Revolution and Gender Equality in North Africa

As demands for political change rock North Africa and the Middle East, nothing short of a parallel revolution must also take place: women's rights must be promoted as human rights.

As demonstrators demand political change across North Africa and the Middle East, nothing short of a parallel revolution must also take place: women’s rights must be recognized and promoted as human rights. Women were and continue to be leaders of the revolutions but far too often post-revolutionary powers exclude women’s realities and needs. The consequence of patriarchal thinking is that those experiences unique to women – such as pregnancy, childbirth and abortion – get short shrift when it comes to policies and resources.

The three largest countries of the Maghreb – Algeria, Morocco and Tunisia – have taken drastically different approaches to reproductive rights and gender equality, and as a result women’s basic human rights differ significantly. A new report from the World Health Organization finds that in countries where abortion laws are most restrictive and women have low rates of contraceptive use, induced abortion rates are higher overall, and unsafe abortion poses a particular health risk for women.

Translation: more women trade their health or even their lives in an effort to control their fertility, particularly in places like Morocco and Algeria where abortion is illegal. In Morocco alone, an estimated 130,000 – 150,000 unsafe and illegal abortions occur every year. In Algeria, 10 percent of all obstetric hospital admissions are abortion-related, and 5.5 percent of all maternal deaths are due to unsafe abortion. Thousands of others experience potentially life-threatening disabilities and countless women live in fear due to the few legal and safe options they have if faced with an unwanted or unhealthy pregnancy. In addition to the health and safety risks that accompany unsafe abortions, the legal penalty for having an illegal abortion is high.

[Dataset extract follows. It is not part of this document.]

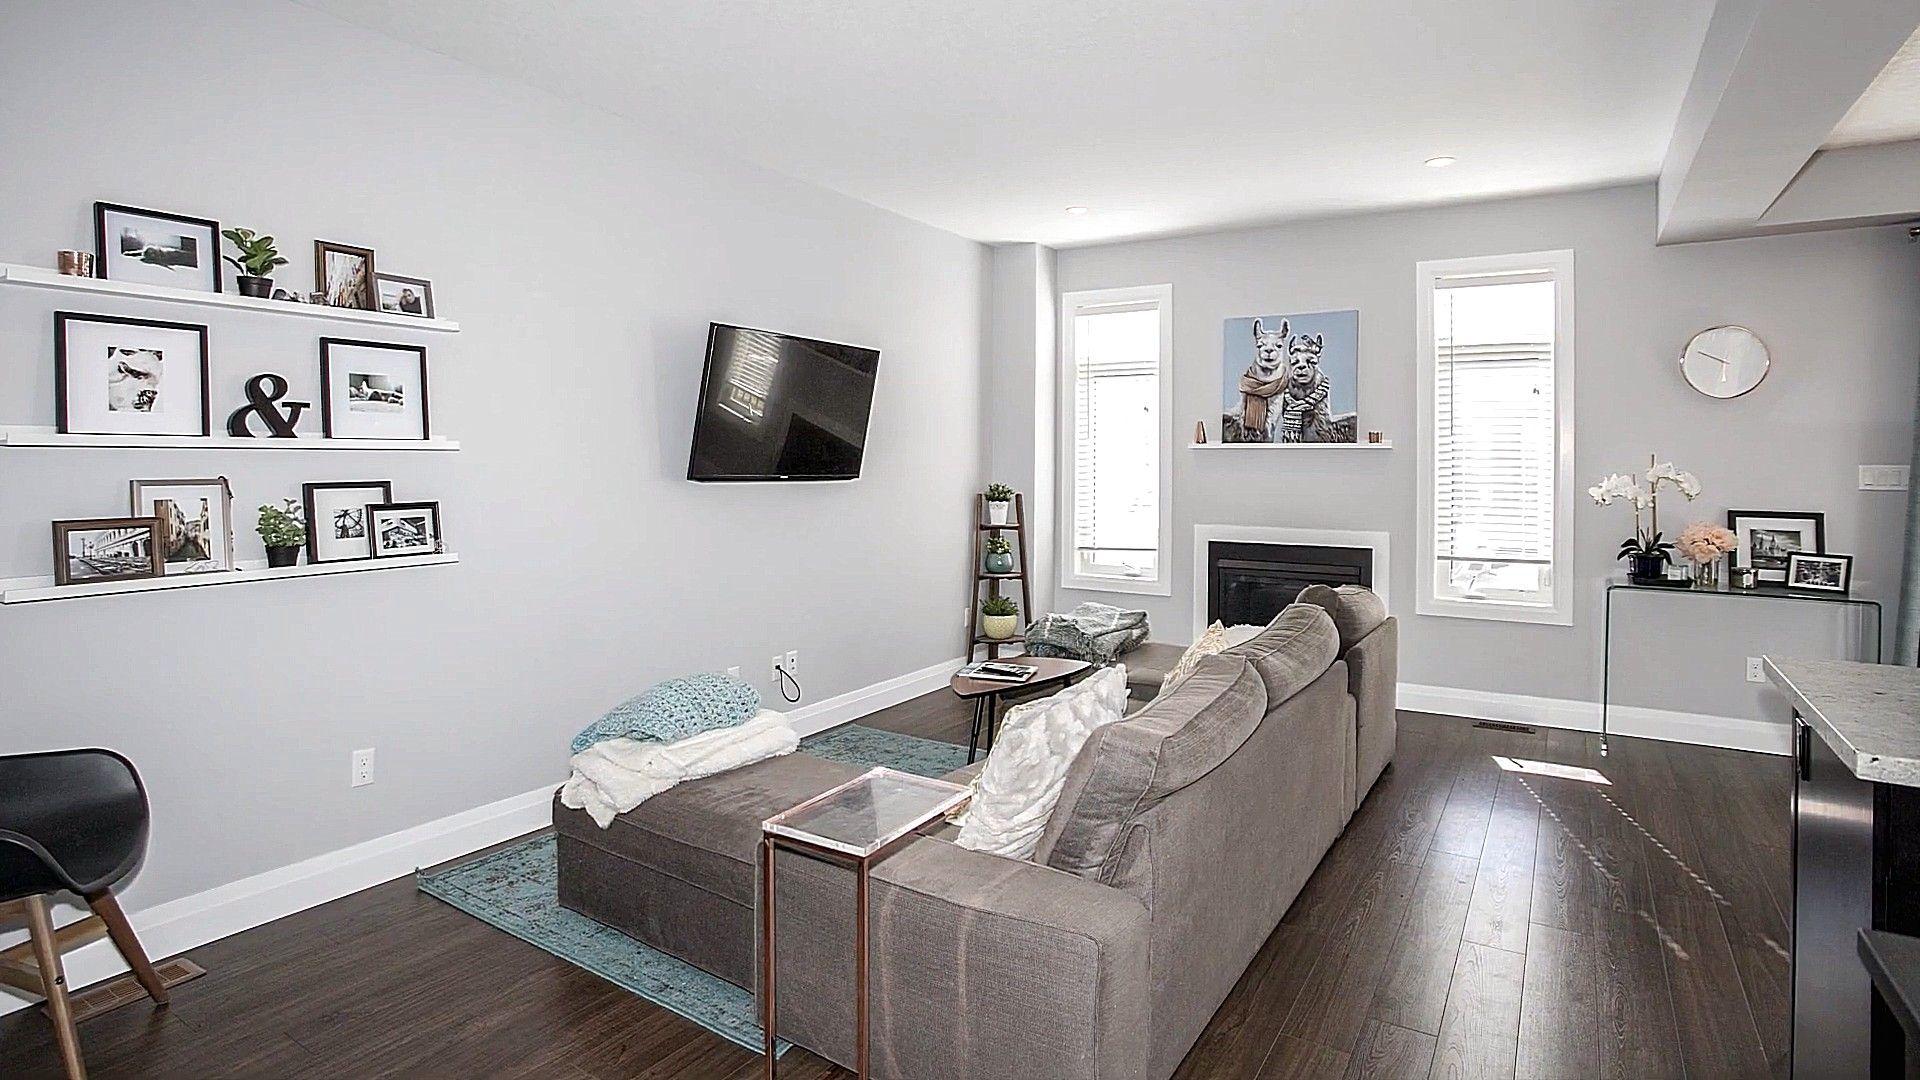 Zimmer Farbe Ideen Wohnzimmer Hellgrau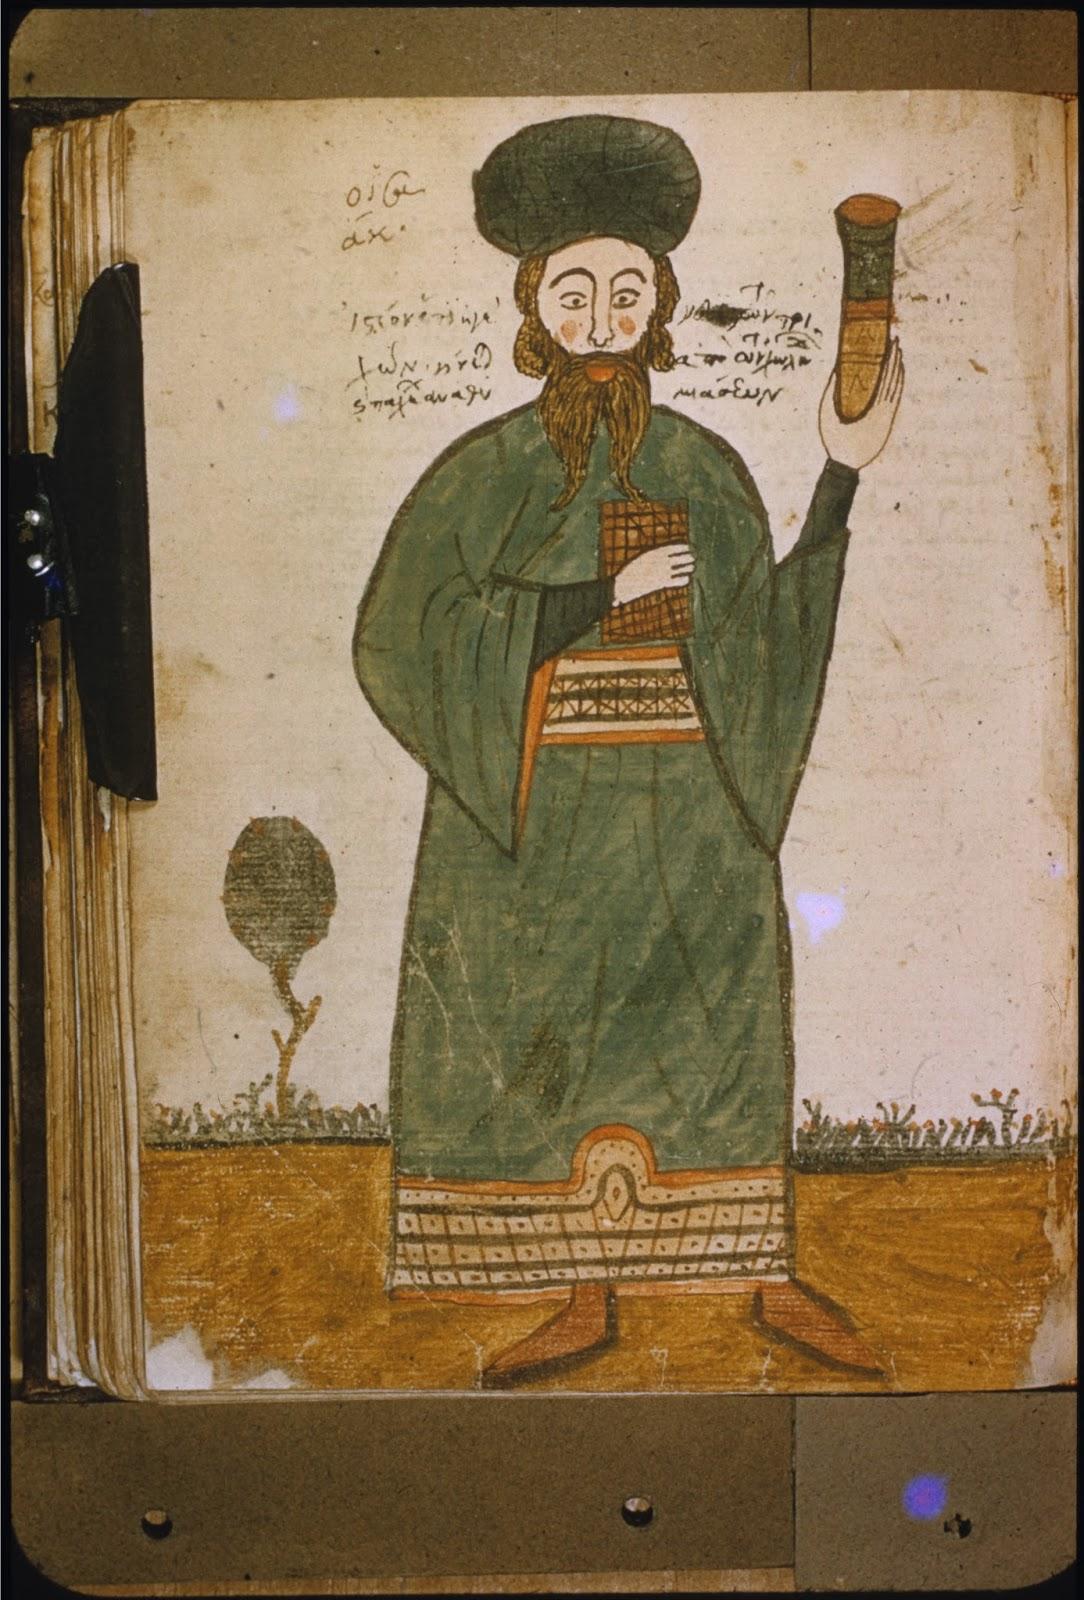 Ο ελληνικός κώδικας 3632 της Πανεπιστημιακής Βιβλιοθήκης της Μπολόνια http://leipsanothiki.blogspot.be/

Tunisia has played a pioneering role in the areas of gender equality and equity, family planning and abortion. In 1973, Tunisia became the first African country to significantly liberalize its abortion law. Abortions are far easier to obtain in this Muslim and Arab country than they are in many states in the United States. Women’s reproductive decision-making is not separate from their overall rights and decision-making status.

As a result of these policies, Tunisian women benefit from greater educational and economic opportunities than their Maghreb counterparts and according to the United Nations, their health and overall status are far better. Tunisia has lowest maternal mortality rate, and women benefit from the highest status and greatest opportunities in terms of education and employment. The Tunisian case also shows the inter-linkages of women’s rights: Tunisian women have higher rates of education, employment and political participation than women in Algeria and Morocco, which is due at least in part, to their greater reproductive choices.

Legal abortion saves women’s lives. Though Tunisia’s neighbor Algeria shares a similar population (predominately Arab and Muslim), common history (former French colonies) and similar development indicators (GNP, literacy, life expectancy), women in Algeria are more than twice as likely to die from pregnancy-related complications as Tunisian women. Since the two countries also have similar birth practices (95 percent delivered by skilled birth attendants) and rates of contraception usage, the best explanation for the differential is that Tunisian women have abortions under safe conditions whereas Algerian women risk their lives to end a pregnancy.

The need for comprehensive and accessible sexual and reproductive health information and services has never been greater. Adolescents and young people represent more than 30 percent of the combined population of Algeria, Tunisia and Morocco. Young people have sex earlier in life but tend to get married later, leaving a larger gap for pregnancies that aren’t socially condoned to occur. In Tunisia for example, average age at marriage is 33 for men and 29 for women while sexual initiation occurs in the mid to late teens. Premarital sex and unwanted pregnancies are common among adolescents, young persons and the unmarried, yet still socially taboo in all countries of the Maghreb. Clearly, young people increasingly need reproductive health information and services but Tunisia is the only Maghreb country to have youth-friendly and youth-managed clinics and program.

Algerian, Moroccan and Tunisian women’s full potential will not be met until gender discrimination is abolished and women’s rights truly are considered human rights. Comprehensive sexual and reproductive rights must be included in all activities designed to increase women’s status, patriarchal norms must be challenged, and gender equality and women’s empowerment must be embraced. Women’s full participation in revolutions and democratic processes in the Maghreb depend on it.

Only then will the revolution truly succeed.